Small molecule inhibitors targeting the "achilles' heel" of androgen receptor activity

Abstract

Androgen ablation therapy remains the gold standard for the treatment of advanced prostate cancer, but unfortunately, it is not curative, and eventually the disease will return as lethal castration-resistant prostate cancer (CRPC). Mounting evidence supports the concept that development of CRPC is causally related to continued transactivation of androgen receptor (AR). All current therapies that target the AR are dependent on the presence of its C-terminal ligand-binding domain (LBD). However, it is the N-terminal domain (NTD) of the AR that is the "Achilles' heel" of AR activity, with AF-1 being essential for AR activity regardless of androgen. Recent efforts to develop drugs to the AR NTD have yielded EPI-001, a small molecule, sintokamide peptides, and decoys to the AR NTD with EPI-001, the best characterized and most promising for clinical development based upon specificity, low toxicity, and cytoreductive antitumor activity.

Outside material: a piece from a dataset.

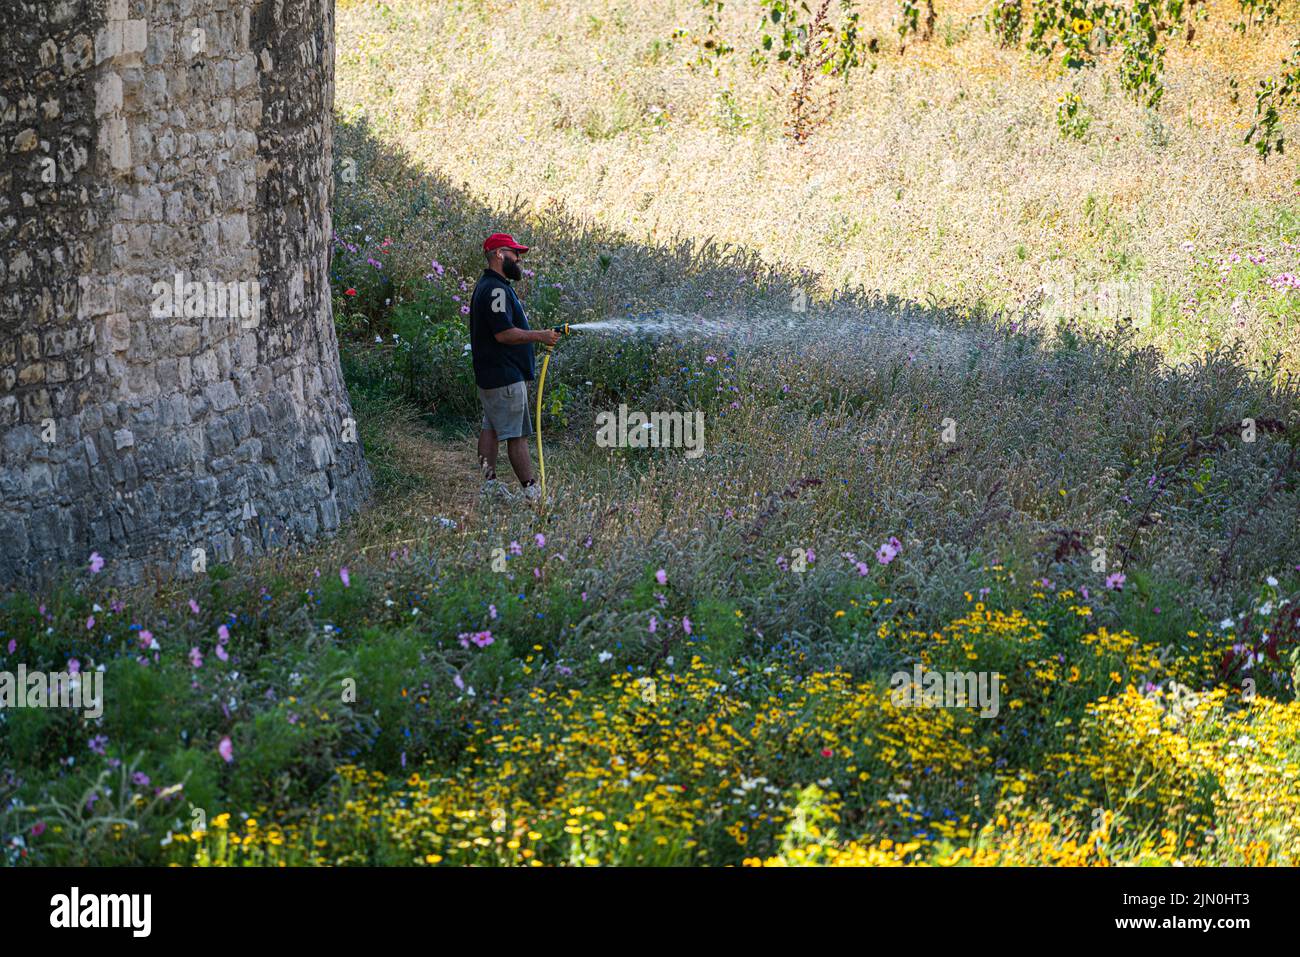 London, UK. 8 August 2022   A gardener watering the  Superbloom, a new permanent display of wildflowers in the moat of the Tower of London, grown from over 20 million seeds from 29 flower species which were sown to celebrate the Queen’s Platinum Jubilee. The flowers were chosen to attract a variety of pollinators to create a new biodiverse habitat..Credit. amer ghazzal/Alamy Live News Stock Photo
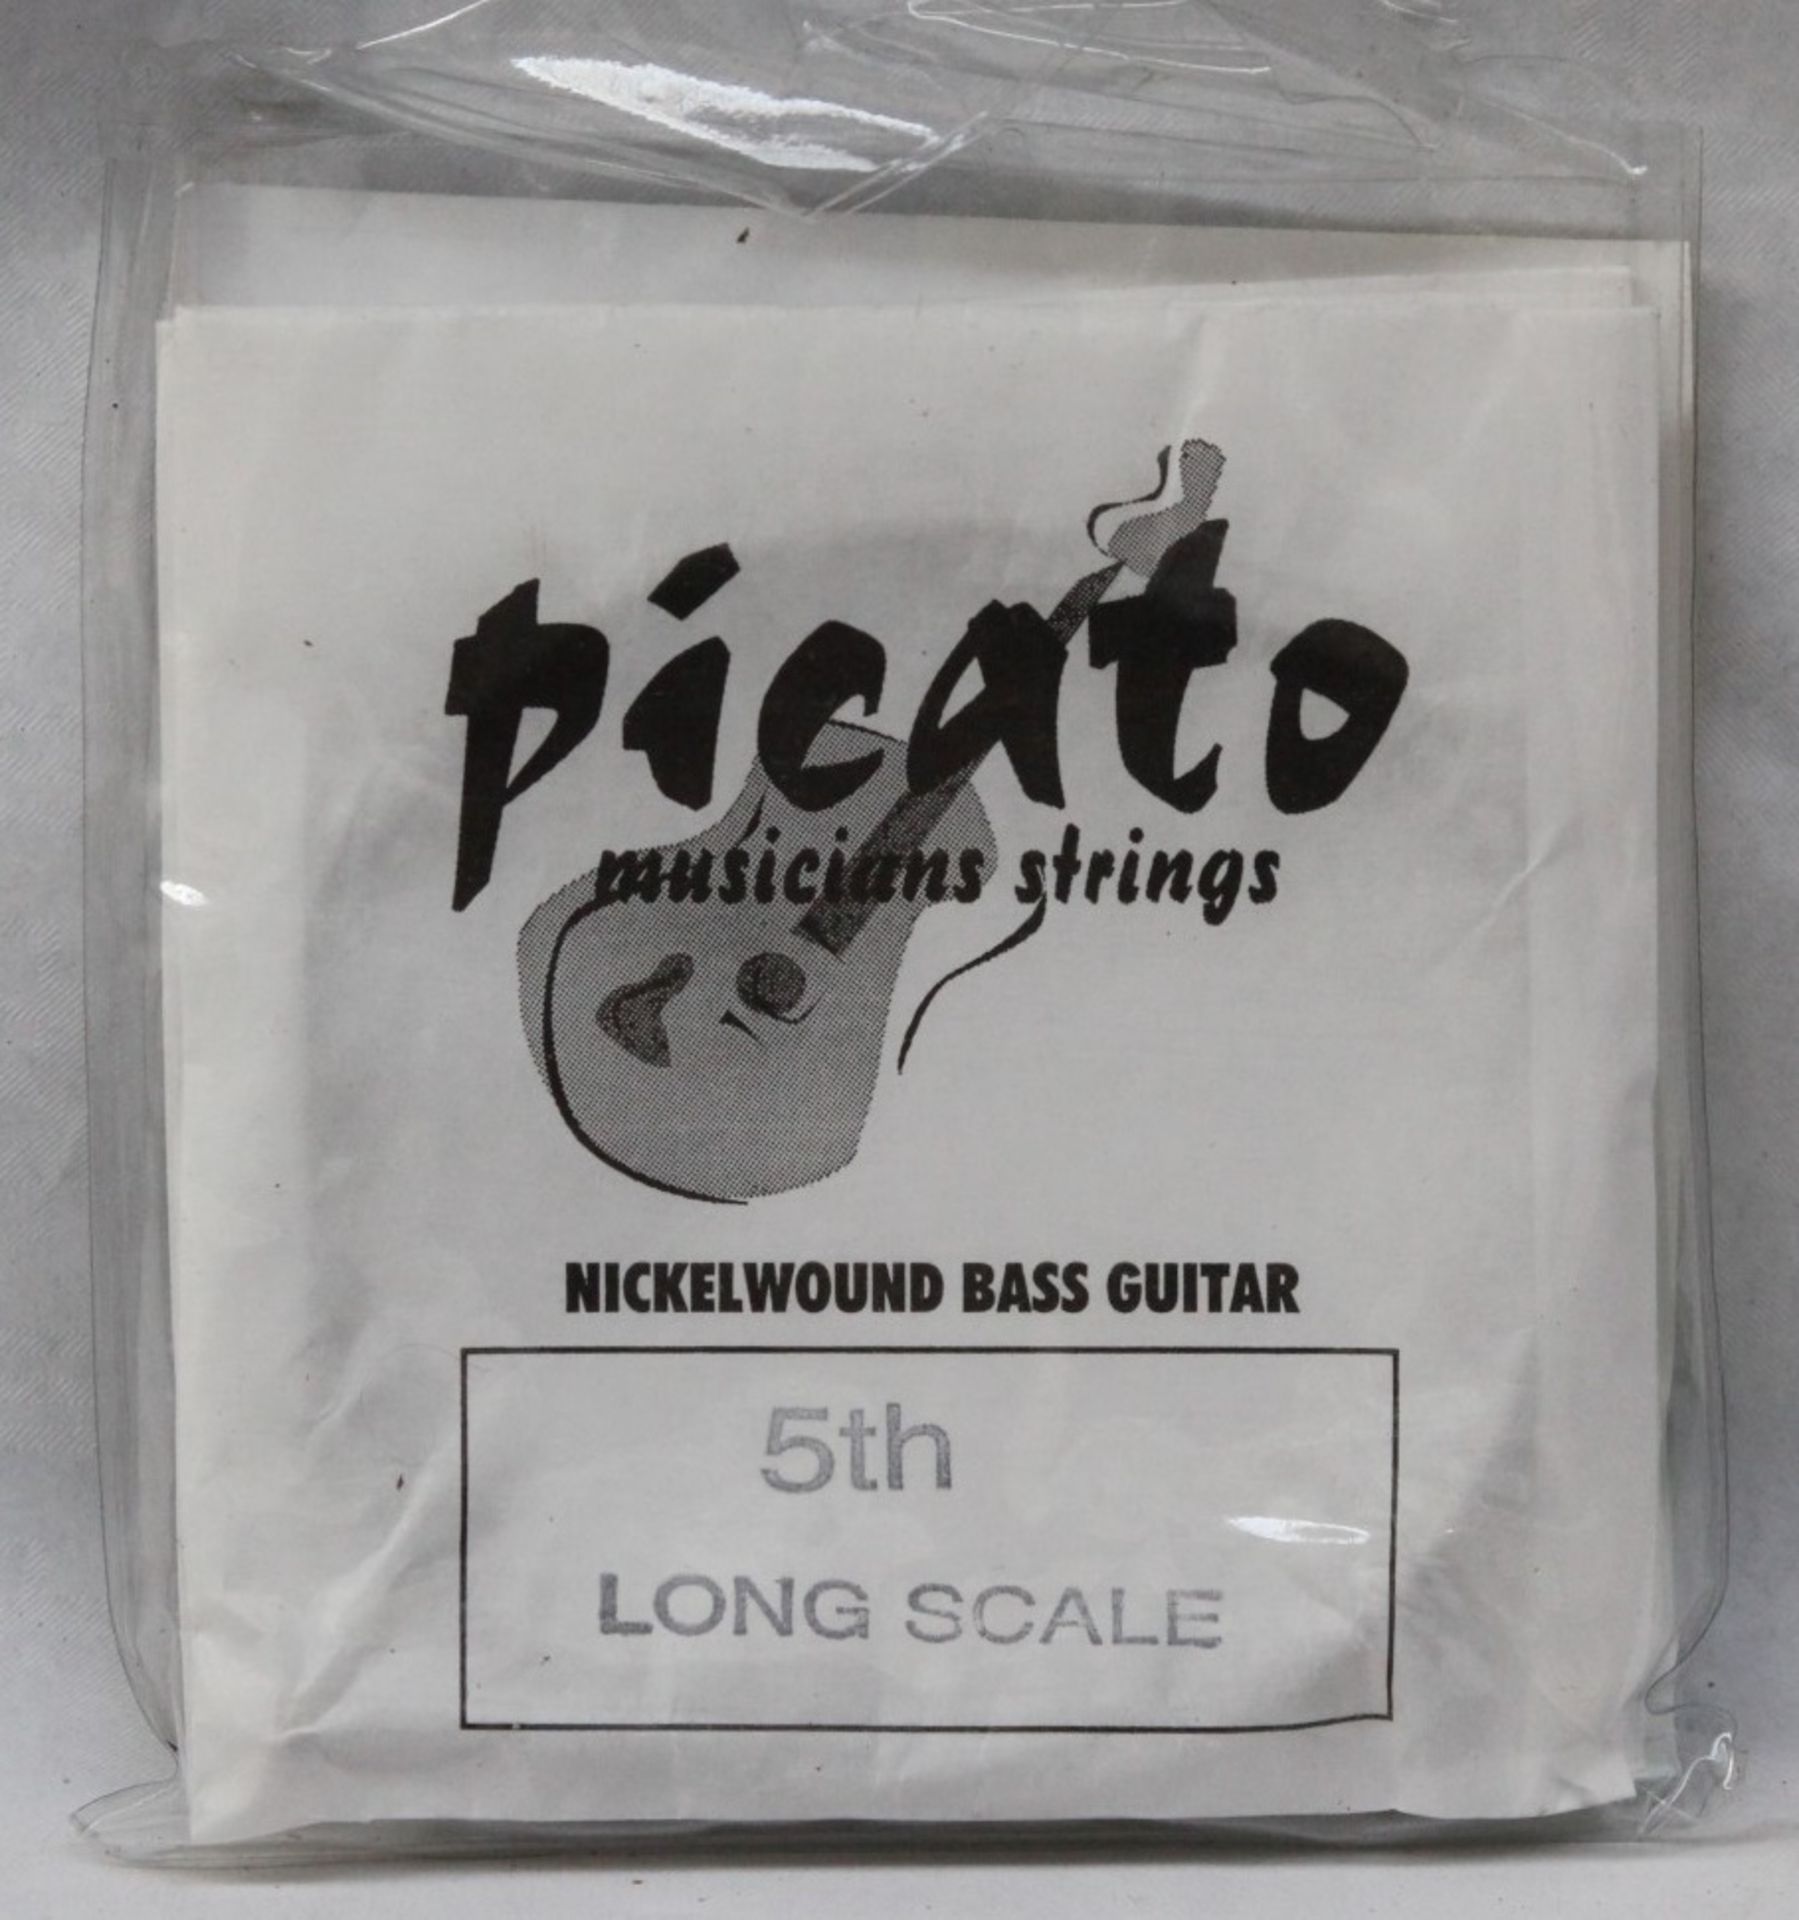 1 x Set of Picato 735's Nickel Roundwould Longscale 5 String Bass Strings - Made in the UK - Brand - Image 2 of 2

Figure 1. Therapeutic approaches to block the androgen receptor

A. EPI-001 interacts with the AR NTD to block CBP interaction and inhibit AR transcriptional activity. Inhibitors of the LBD include androgen ablation and antiandrogens (AA). CBP, CREB-binding protein; GnRH, Gonadotropin-releasing hormone (GnRH), also known as Luteinizing-hormone-releasing hormone (LHRH); DHT, dihydrotestosterone; NTD, N-terminal domain; DBD, DNA-binding domain; LBD, ligand-binding domain. B. Androgen dependent prostate cancer responds to androgen ablation and antiandrogens through the AR LBD. However, inhibition of the NTD with EPI-001 also inhibits androgen-dependent tumor growth. Castration resistant prostate cancer may involve: residual androgens that bind to the LBD; growth factor, cytokines, or kinase signal transduction pathways that target the NTD; constitutively active splice variants that lack the LBD that may be expressed solely or in mixed populations with full-length AR to form a heterodimer; and/or gain-of-function mutations. To date, EPI-001 inhibits all of these mechanisms with the possible exceptions of the heterodimer and the gain-of-function mutations which both have yet to be examined.